**ENTRIES SUPPLIED:**
[Start of section]

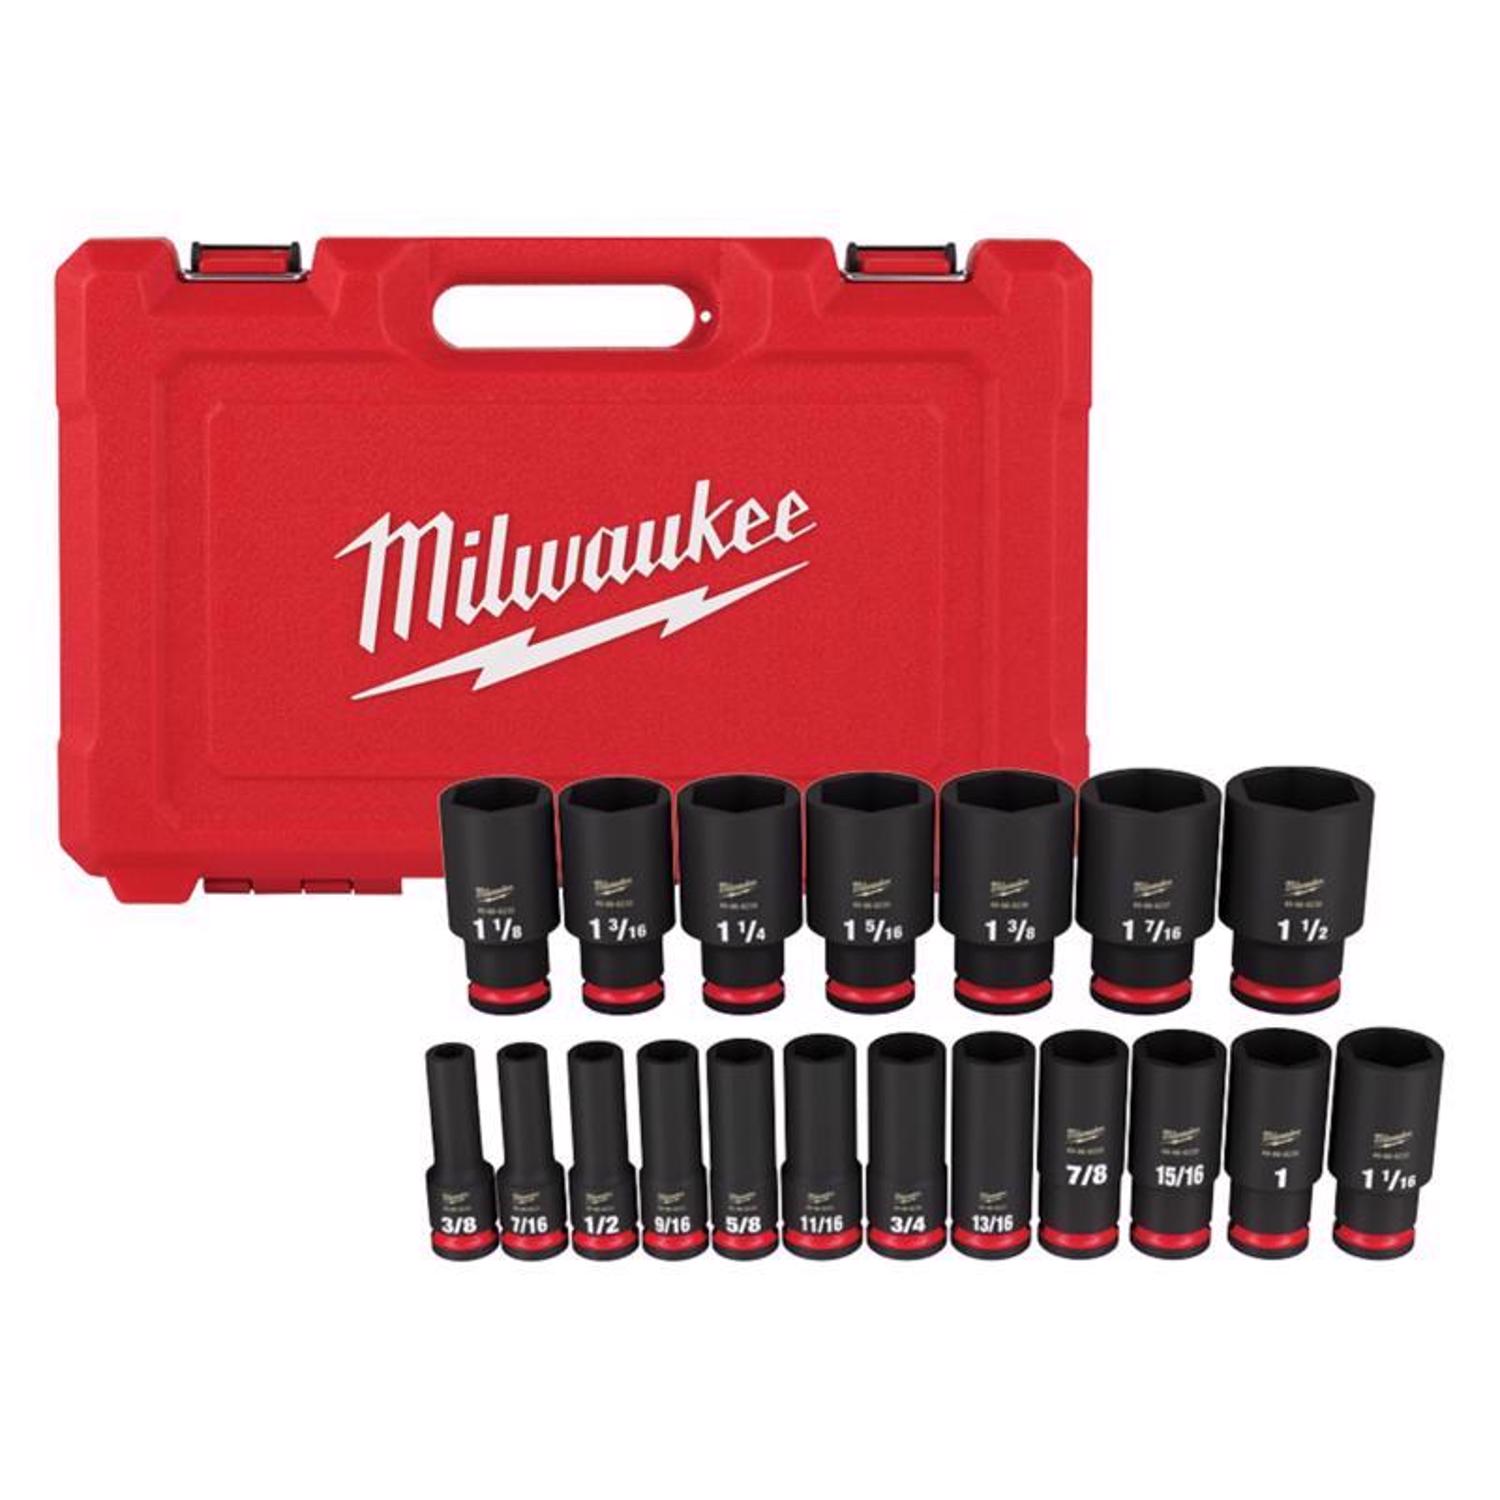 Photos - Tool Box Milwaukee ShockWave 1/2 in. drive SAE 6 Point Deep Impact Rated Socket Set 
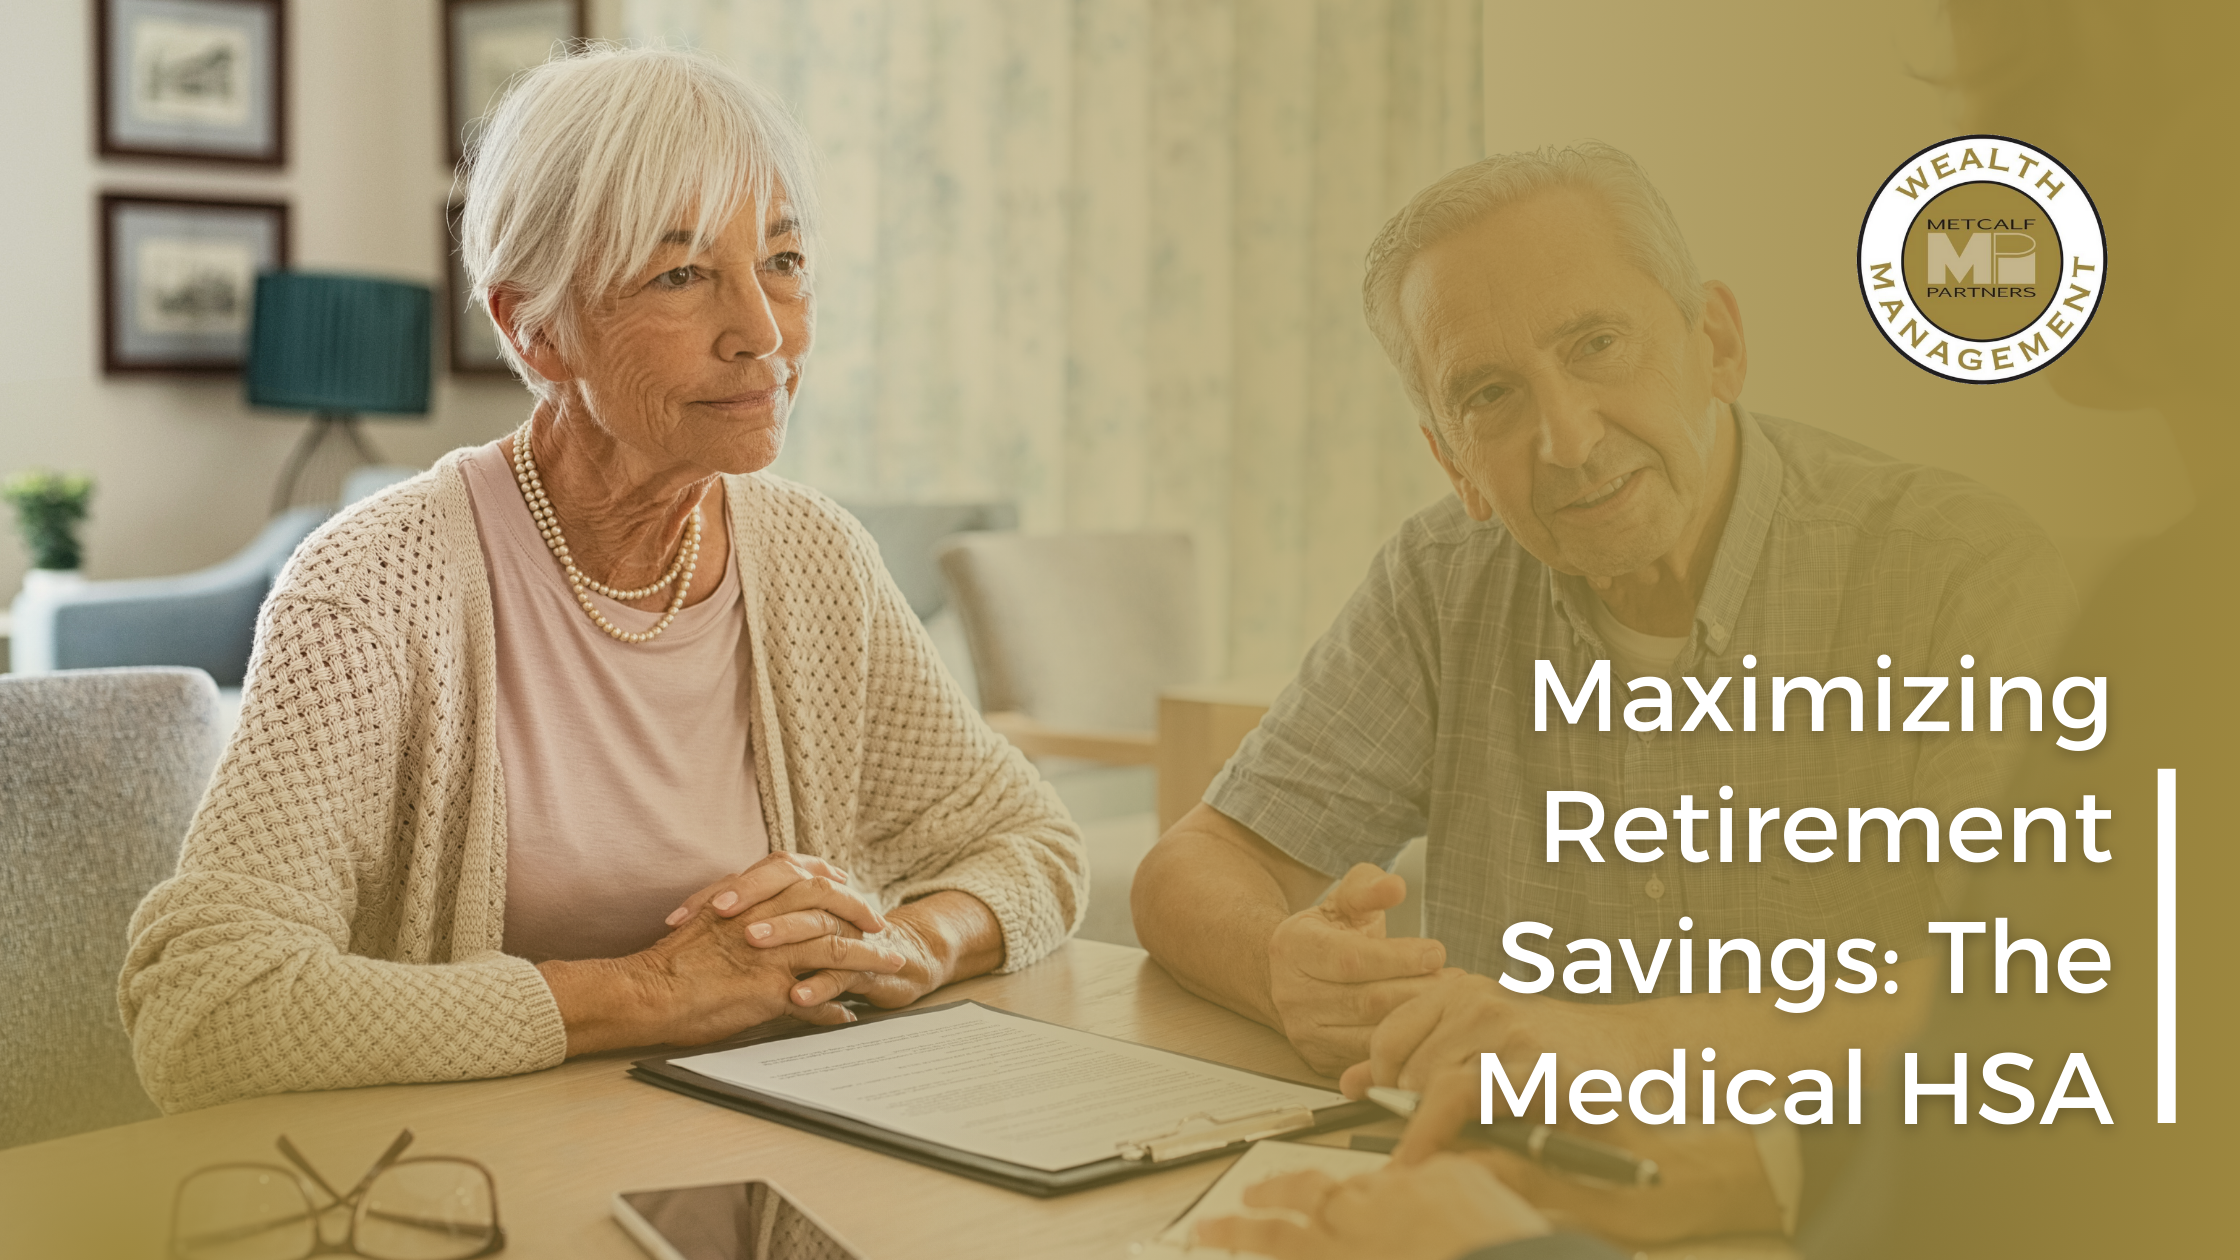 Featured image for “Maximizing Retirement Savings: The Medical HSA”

[End of section]
[Start of section]

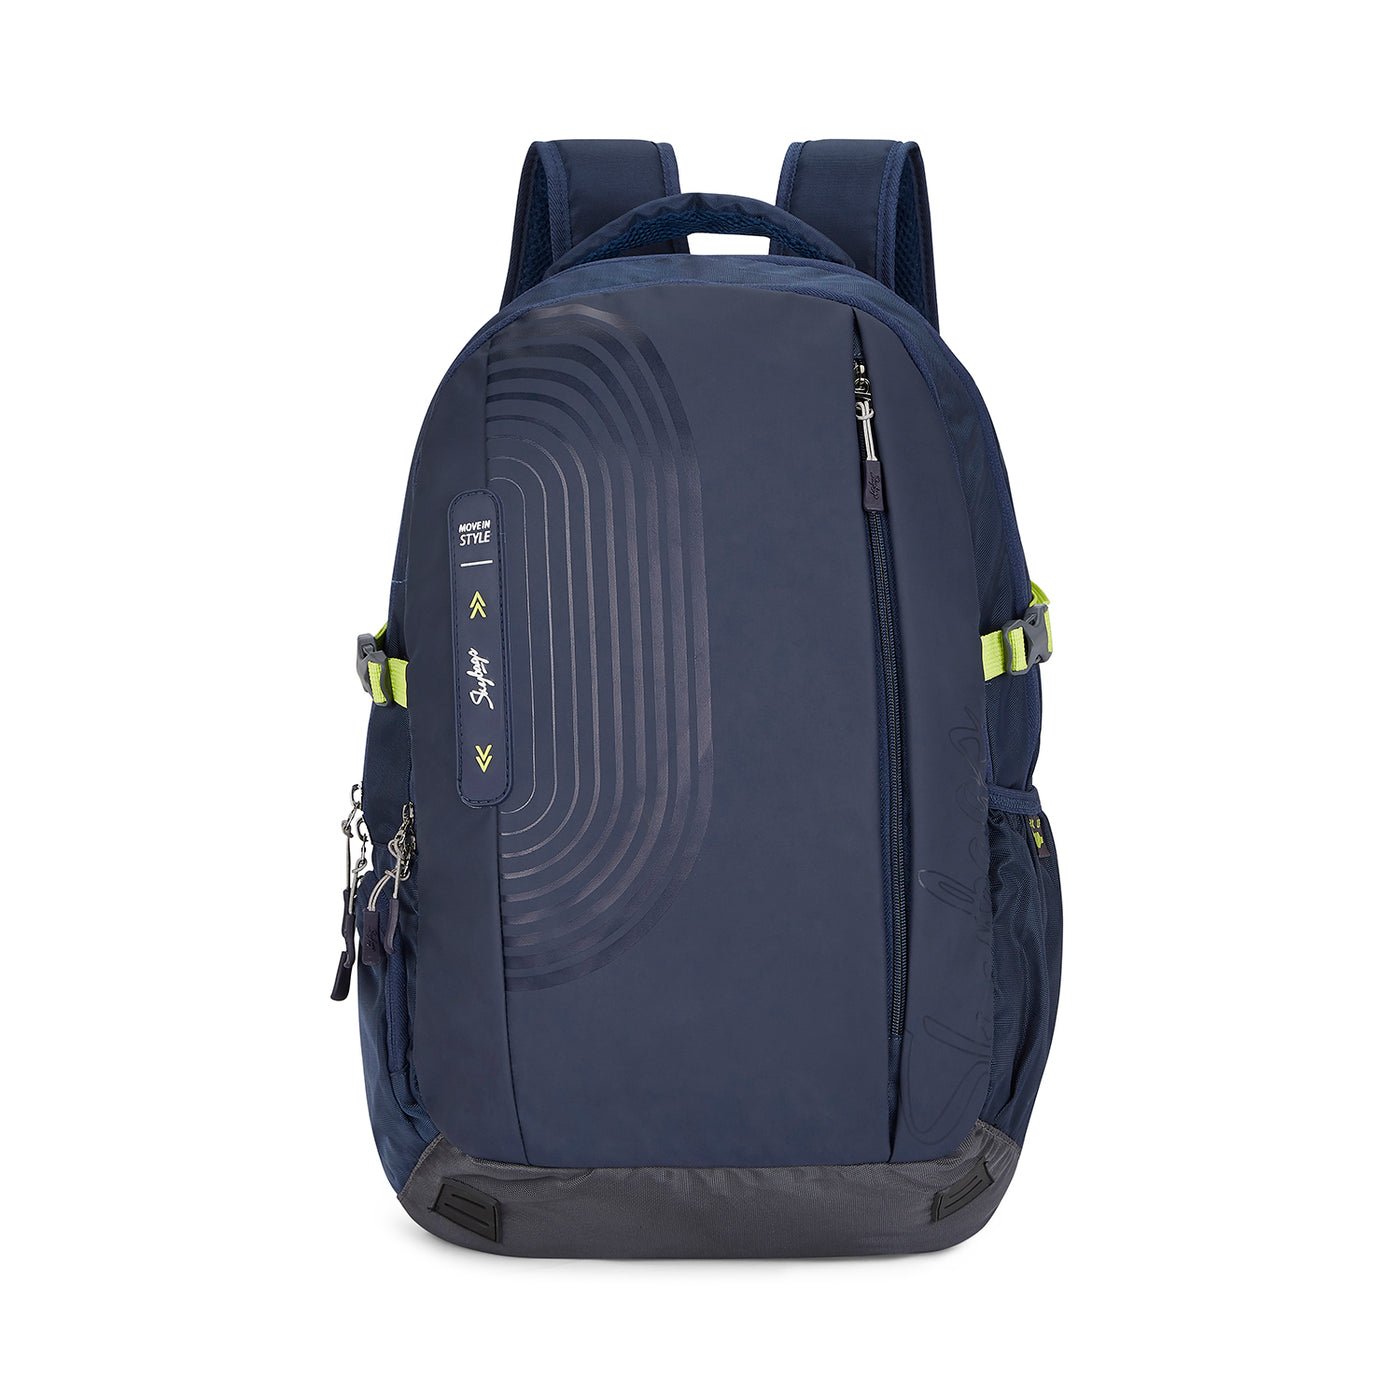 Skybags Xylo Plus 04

[End of section]

**EXERCISE AIM:** In the records above, everything from the line with "Photos - Tool" down to the line with "Featured image for" must be duplicated exactly, both lines kept. Leave no pictures in.

**OUTPUT OF THE TASK:**
 Photos - Tool Box Milwaukee ShockWave 1/2 in. drive SAE 6 Point Deep Impact Rated Socket Set 
 Featured image for “Maximizing Retirement Savings: The Medical HSA”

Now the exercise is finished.